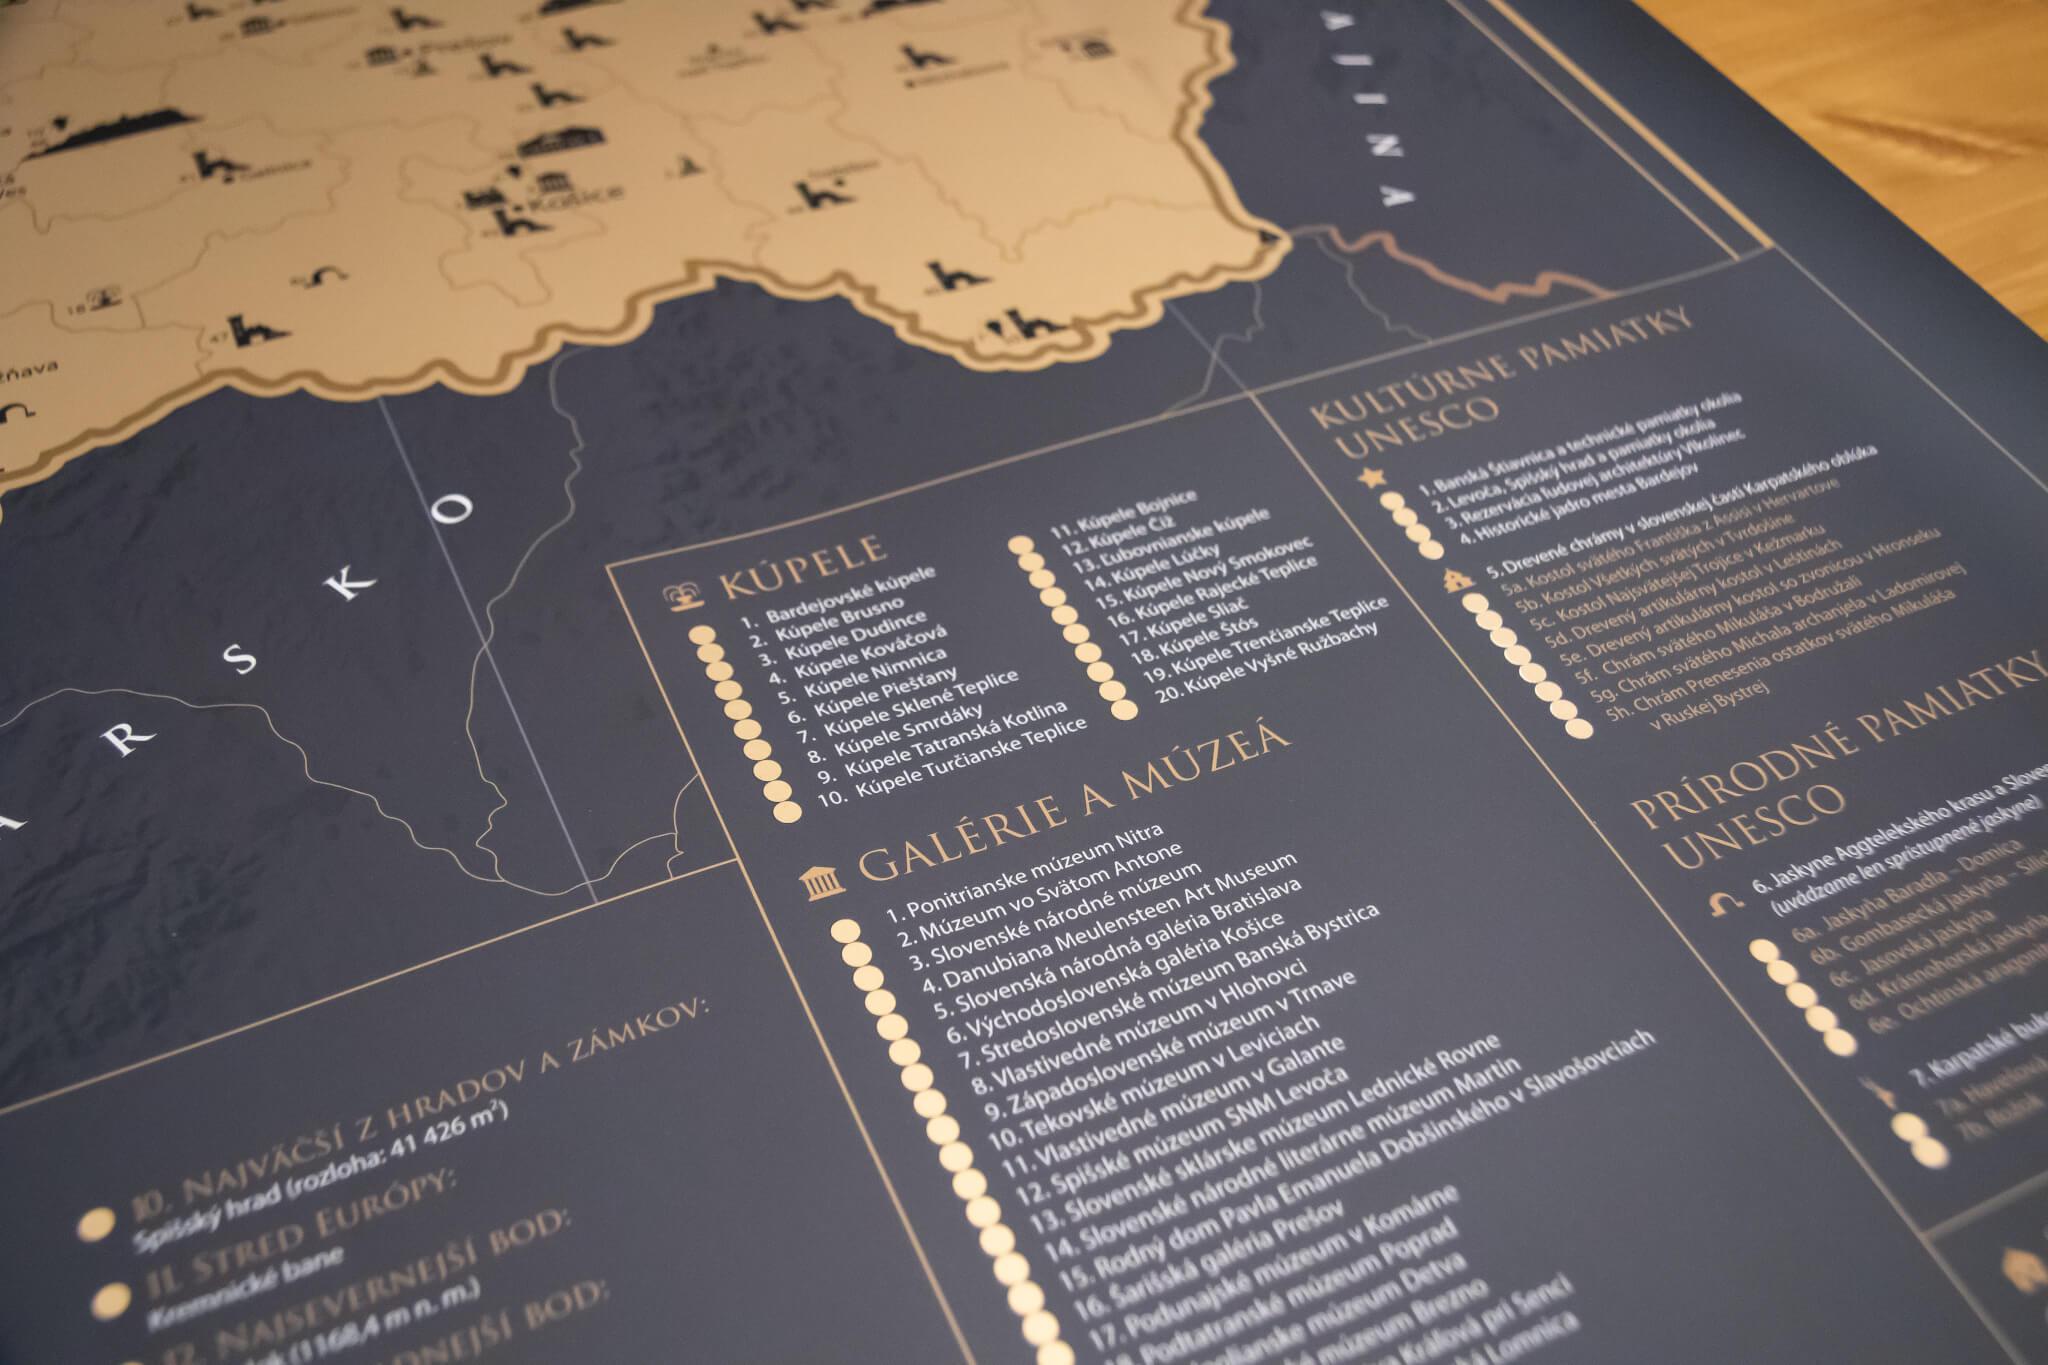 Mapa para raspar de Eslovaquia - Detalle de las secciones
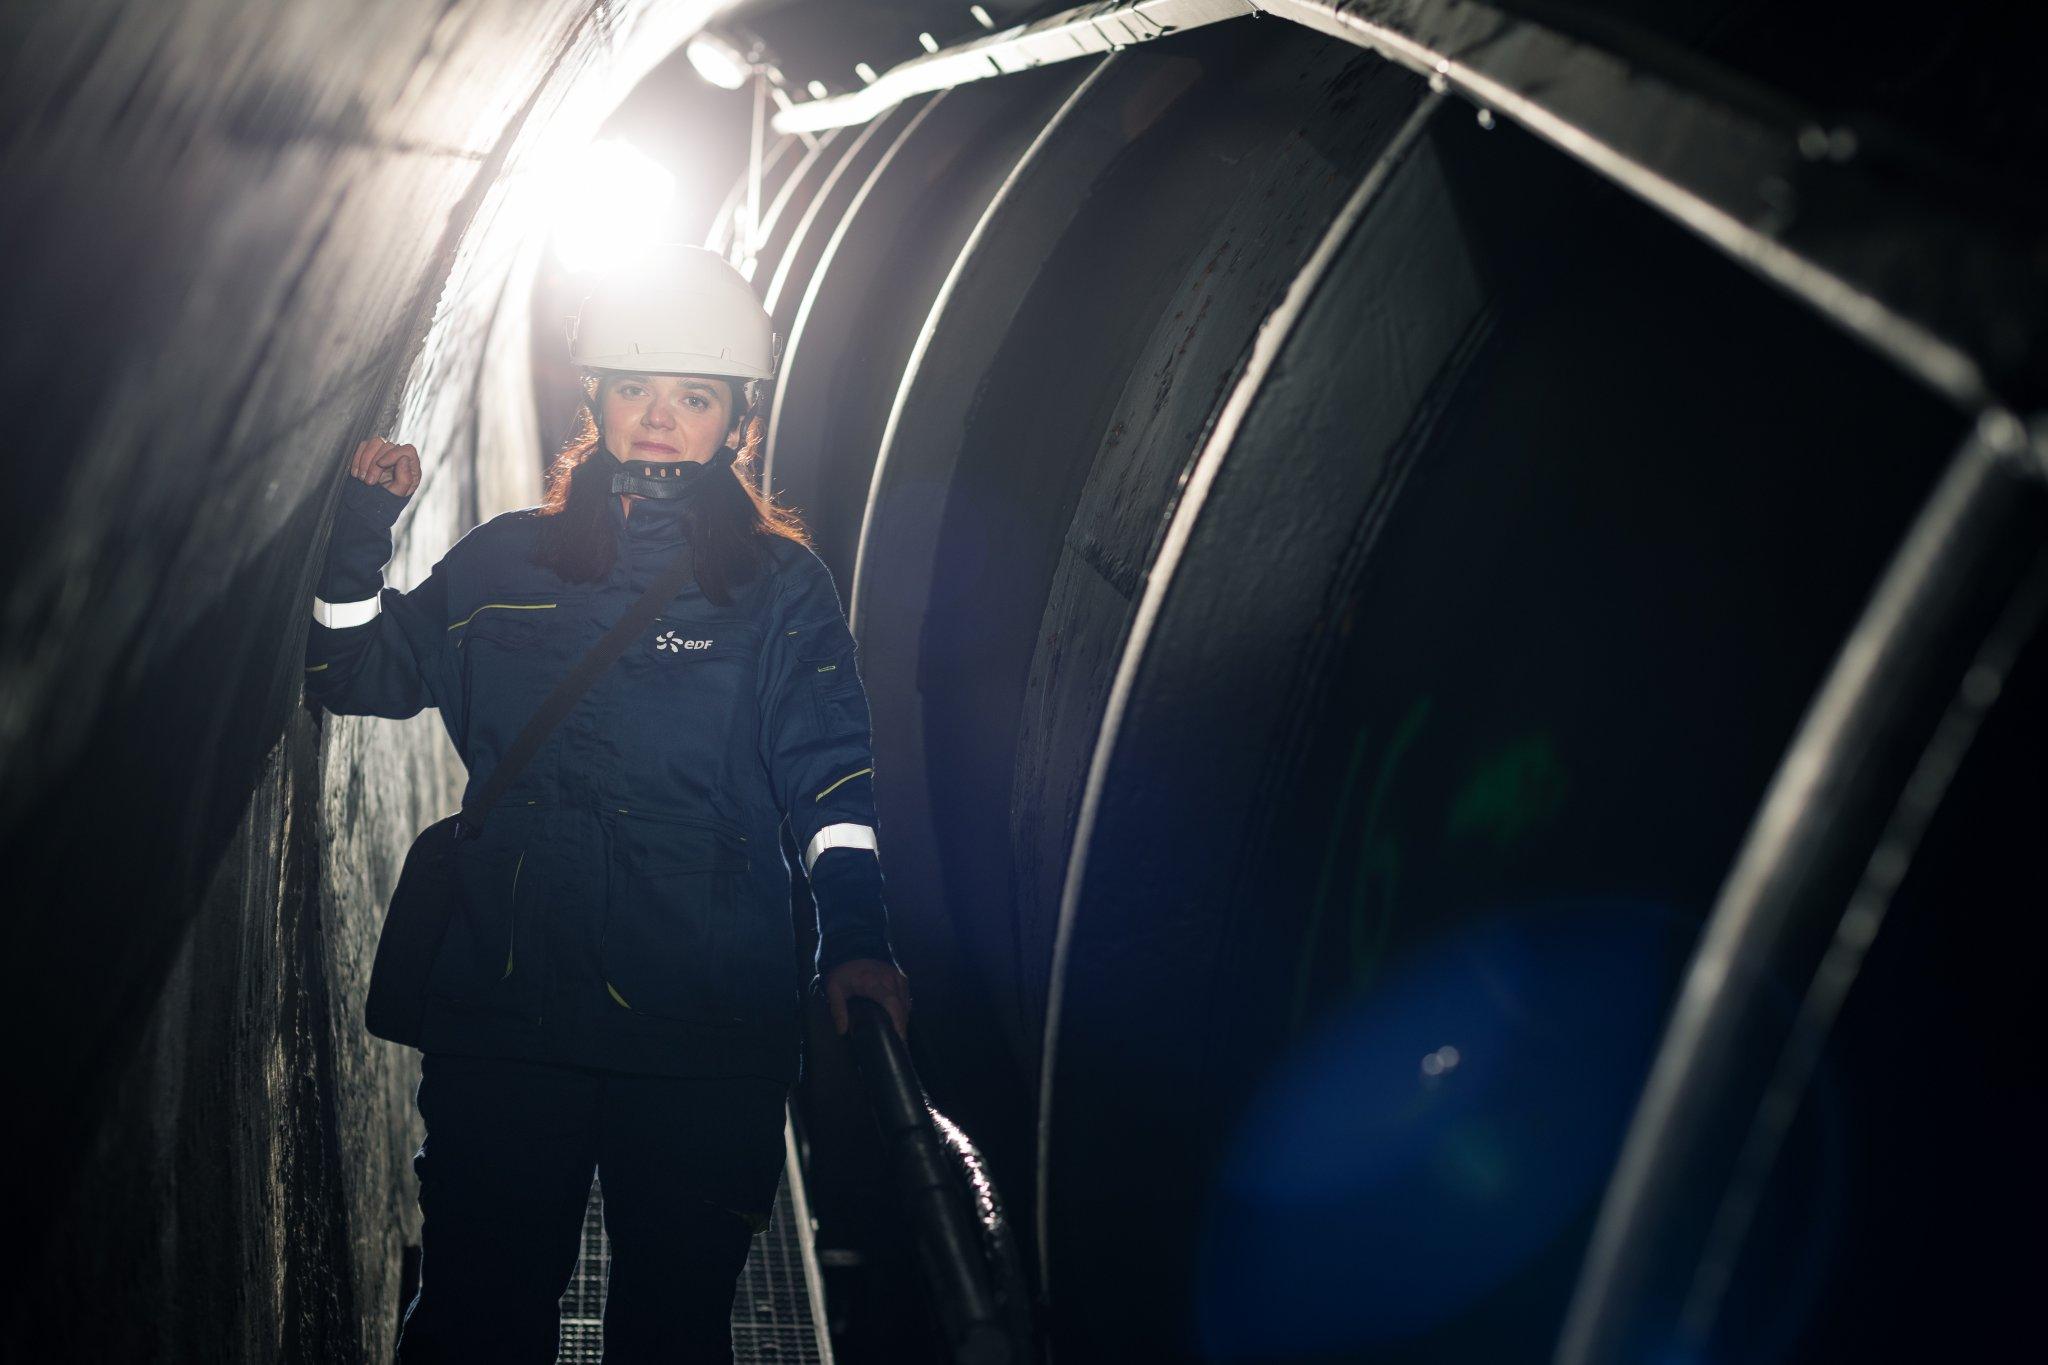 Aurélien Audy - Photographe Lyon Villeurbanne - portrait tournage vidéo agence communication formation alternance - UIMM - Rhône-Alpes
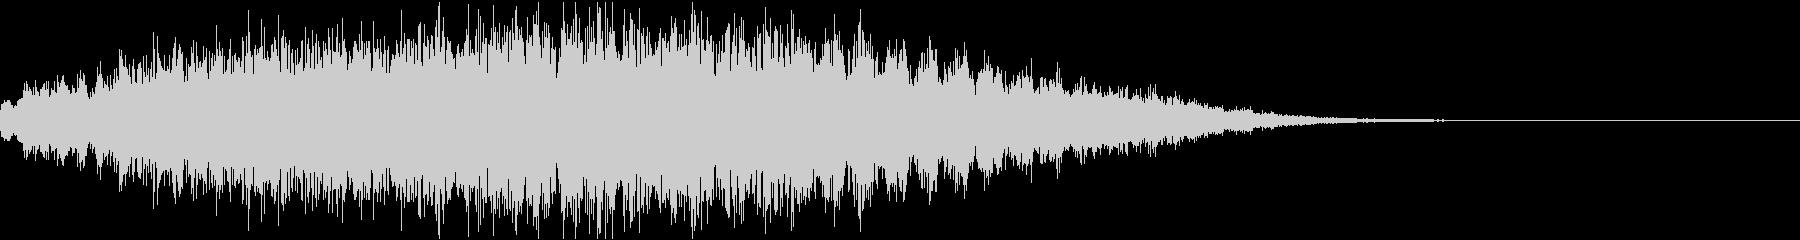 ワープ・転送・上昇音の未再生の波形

TASK TO CARRY OUT. The job here is to retype the data exactly, with no pictures included.

TASK OUTPUT.
 Mapa para raspar de Eslovaquia - Detalle de las secciones
 Aurélien Audy - Photographe Lyon Villeurbanne - portrait tournage vidéo agence communication formation alternance - UIMM - Rhône-Alpes
 ワープ・転送・上昇音の未再生の波形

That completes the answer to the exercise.